Side note, it’s also nice to see that the folds are properly stratified.
strat.cv.qda(data=Data, model=Group~Latitude+Longitude+OverallAvg, y = "Group", K = 5, seed = 234)
## $call
## Group ~ Latitude + Longitude + OverallAvg
##
## $K
## [1] 5
##
## $qda_error_rate
## [1] 0.05601093
##
## $Group1_error_rate
## [1] 0.03651267
##
## $Group2_error_rate
## [1] 0.06754706
##
## $Group3_error_rate
## [1] 0
##
## $Group4_error_rate
## [1] 0.09130237
##
## $Group5_error_rate
## [1] 0.05743629
##
## $Group6_error_rate
## [1] 0.02510246
##
## $Group7_error_rate
## [1] 0.1657559
##
## $Group8_error_rate
## [1] 0
##
## $Group9_error_rate
## [1] 0.07008197
##
## $qda_sd_error_rate
## [1] 0.01969521
##
## $Classification_tables
## $Classification_tables[[1]]
## qda.predy
## qda.y 1 2 3 4 5 6 7 8 9
## 1 9 1 0 0 0 0 0 0 1
## 2 1 8 0 0 0 0 0 0 0
## 3 0 0 16 0 0 0 0 0 0
## 4 0 0 0 22 2 0 0 0 0
## 5 0 0 0 2 45 0 0 0 2
## 6 0 0 1 0 0 7 0 0 0
## 7 0 0 0 0 0 0 3 1 0
## 8 0 0 0 0 0 0 0 6 0
## 9 0 0 0 0 1 0 0 0 19
##
## $Classification_tables[[2]]
## qda.predy
## qda.y 1 2 3 4 5 6 7 8 9
## 1 11 0 0 0 0 0 0 0 0
## 2 0 9 0 0 0 0 0 0 0
## 3 0 0 16 0 0 0 0 0 0
## 4 0 0 0 23 1 0 0 0 0
## 5 0 0 0 5 42 0 0 0 1
## 6 0 0 0 0 0 8 0 0 0
## 7 0 0 0 0 0 0 2 1 0
## 8 0 0 0 0 0 0 0 6 0
## 9 0 0 0 0 0 0 0 0 20
##
## $Classification_tables[[3]]
## qda.predy
## qda.y 1 2 3 4 5 6 7 8 9
## 1 11 0 0 0 0 0 0 0 0
## 2 0 8 0 0 0 0 0 0 0
## 3 0 0 15 0 0 0 0 0 0
## 4 0 0 0 19 5 0 0 0 0
## 5 0 0 0 0 49 0 0 0 0
## 6 0 0 0 0 0 9 0 0 0
## 7 0 0 0 0 0 0 4 0 0
## 8 0 0 0 0 0 0 0 6 0
## 9 0 0 0 0 1 0 0 0 19
##
## $Classification_tables[[4]]
## qda.predy
## qda.y 1 2 3 4 5 6 7 8 9
## 1 11 0 0 0 0 0 0 0 0
## 2 0 8 0 0 0 0 0 0 0
## 3 0 0 16 0 0 0 0 0 0
## 4 0 0 0 21 3 0 0 0 0
## 5 0 0 0 3 46 0 0 0 0
## 6 0 0 0 0 0 8 0 0 0
## 7 0 0 0 0 0 0 3 1 0
## 8 0 0 0 0 0 0 0 5 0
## 9 0 0 0 0 3 0 0 0 17
##
## $Classification_tables[[5]]
## qda.predy
## qda.y 1 2 3 4 5 6 7 8 9
## 1 11 0 0 0 0 0 0 0 0
## 2 0 7 0 0 0 2 0 0 0
## 3 0 0 16 0 0 0 0 0 0
## 4 0 0 0 25 0 0 0 0 0
## 5 0 0 0 1 48 0 0 0 0
## 6 0 0 0 0 0 9 0 0 0
## 7 0 0 0 0 0 0 4 0 0
## 8 0 0 0 0 0 0 0 6 0
## 9 1 0 0 0 1 0 0 0 18
##
##
## $seed
## [1] 234
Using Latitude, Longitude & OverallAvg as explanatory variables, groups 3 & 8 have an error rate of 0% i.e. are perfectly classified. Groups 7 & 4 have the highest error rates with 16.57% and 9.1%, respectively.

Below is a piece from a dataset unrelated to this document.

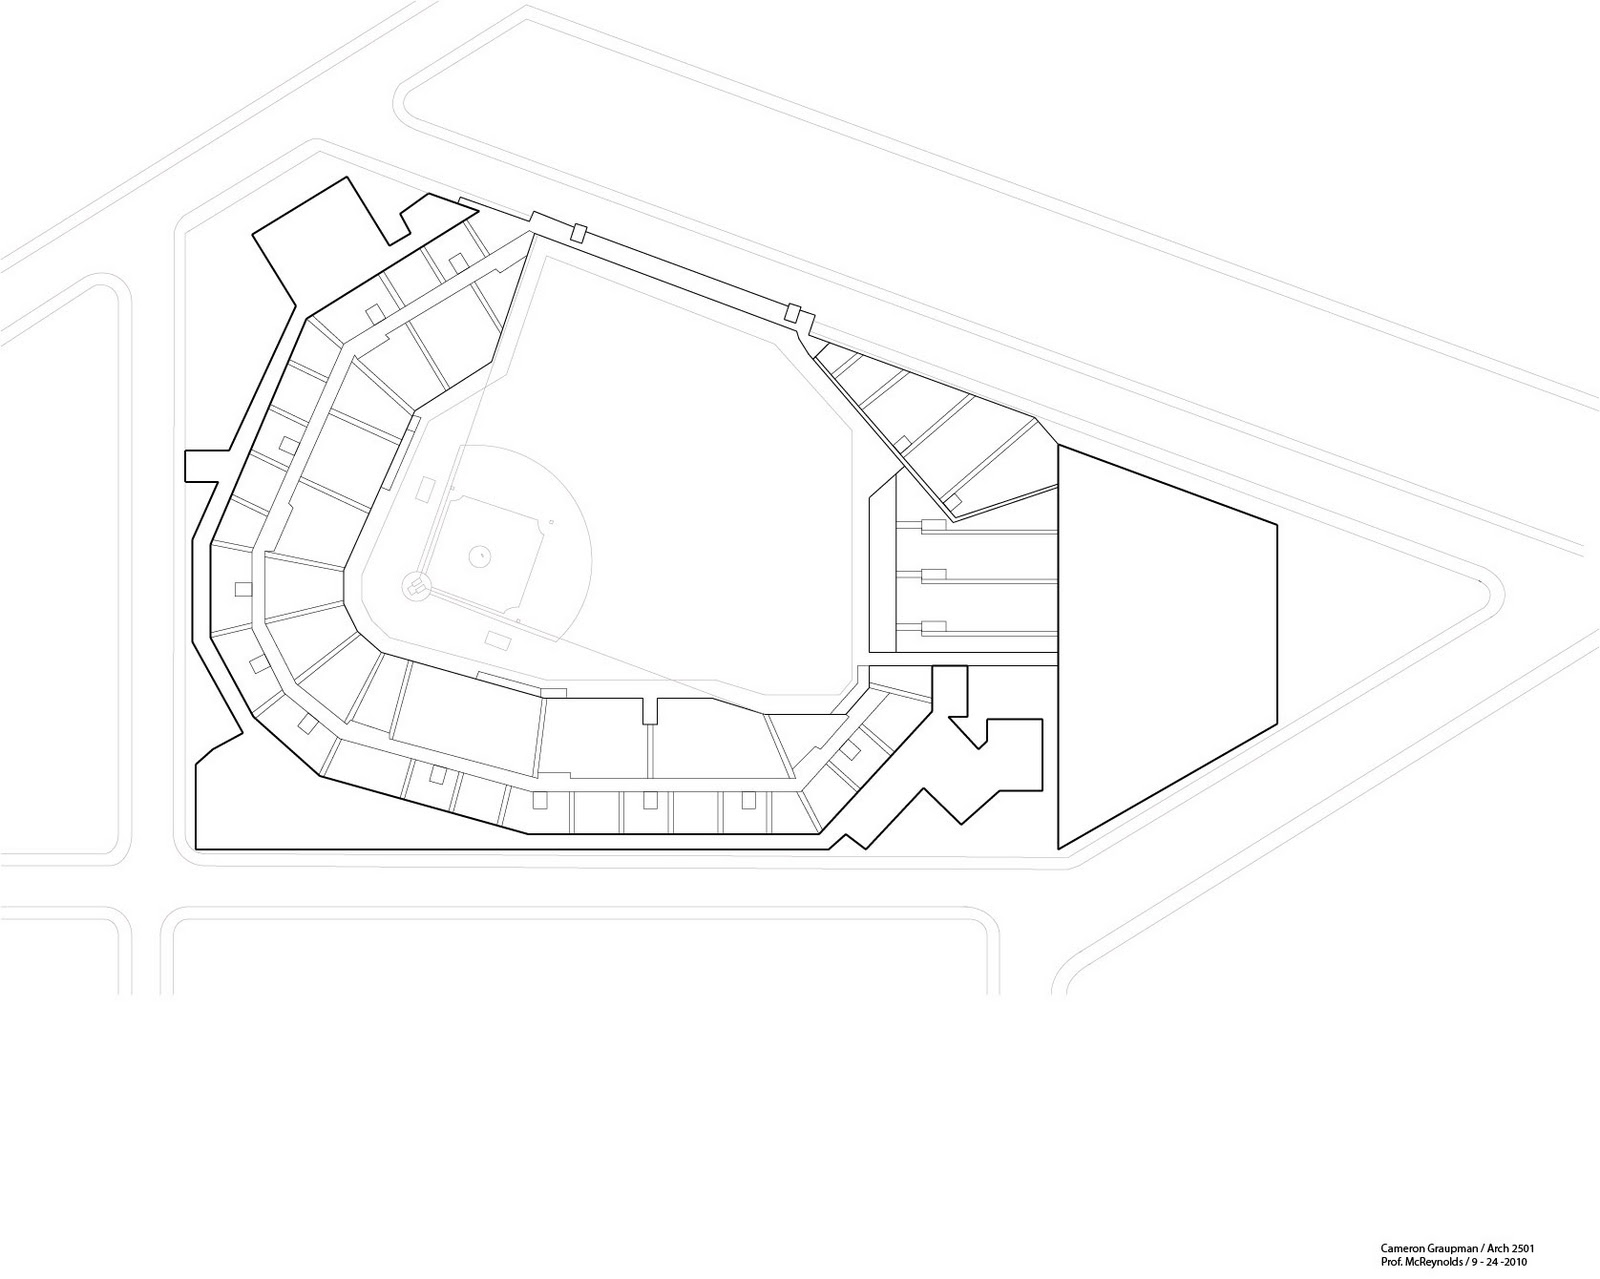 cgraupman2501  fenway park plan

Interestingly, in both cases, observations of group 3 were not misclassified. Also, in both cases, the error rate for group 7 was the highest of all 9 groups. The high misclassification rates of group 7 may also be a symptom of its low prevalence in the data set.

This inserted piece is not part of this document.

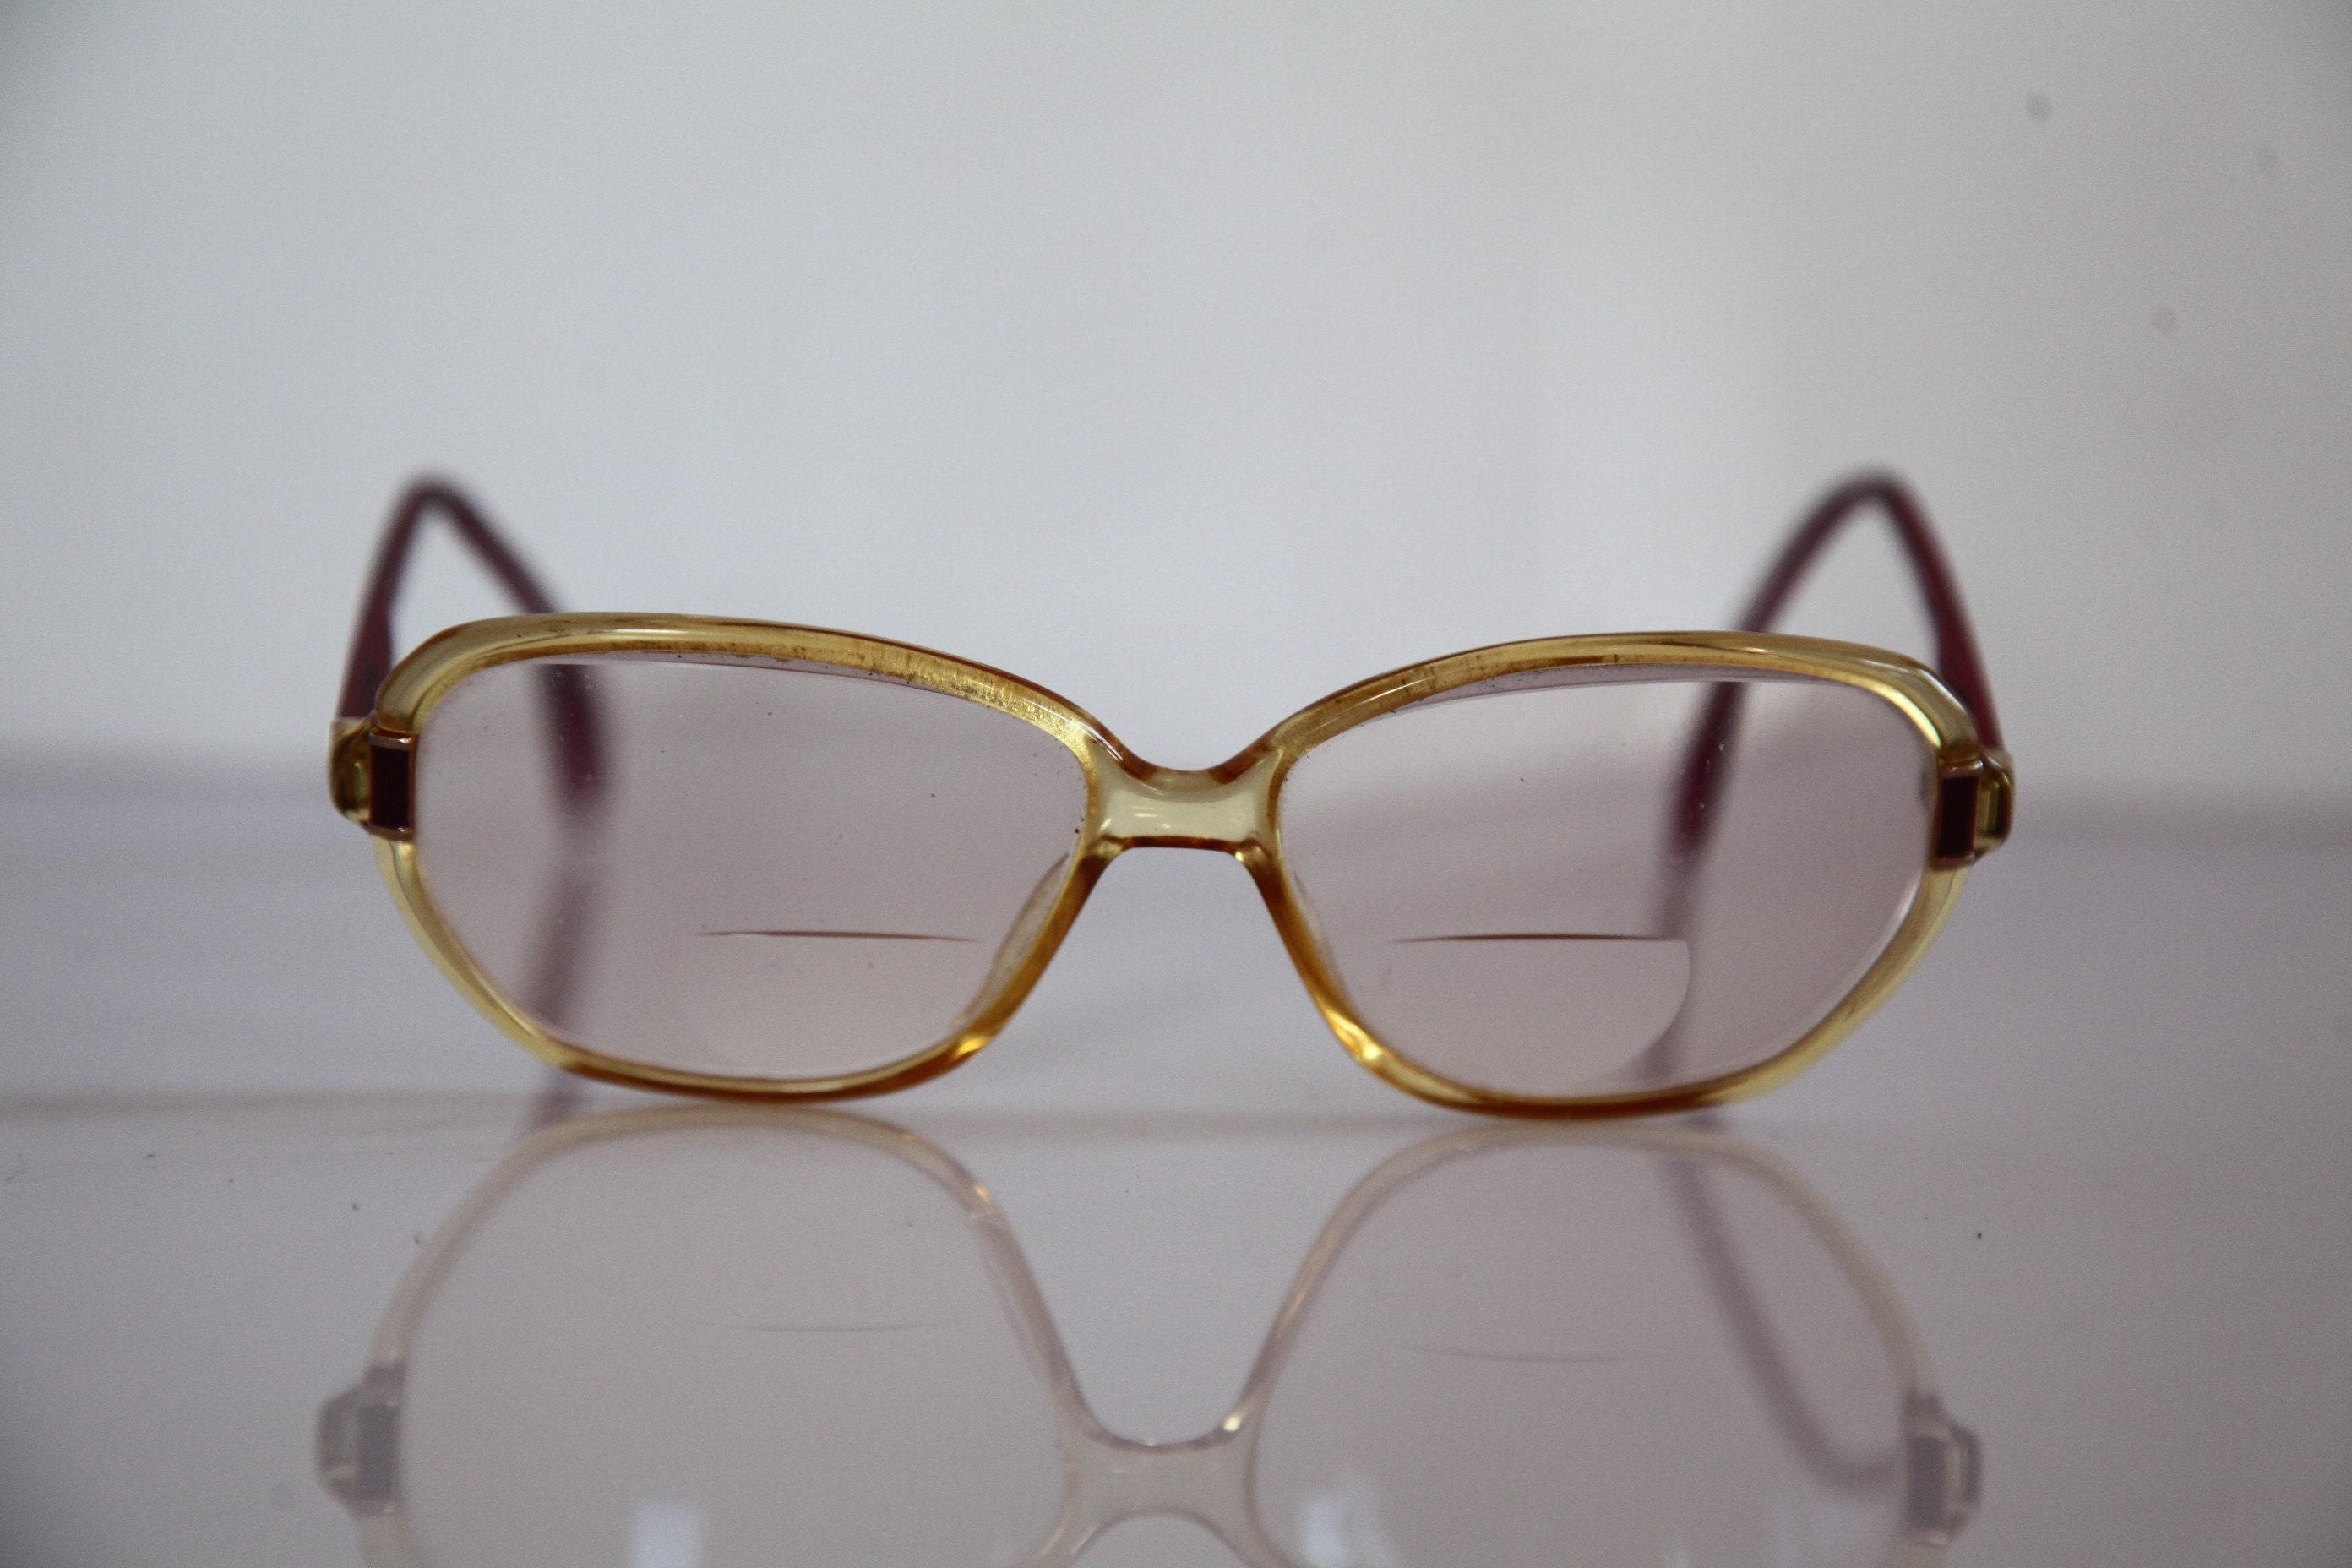 c7a8f549acf Vintage CARL ZEISS PORTRAIT Eyewear

Some interesting talking points:
Focusing on the volume of the mistakes over the 5 stratified folds, there were (12+8+6+10+5) 41 mistakes , (4+6+5+6+1) 22 of these were either observations of group 4 mistaken as group 5 or observations of group 5 mistaken as group 4. We may want to look at ways to more clearly discriminate between these two groups.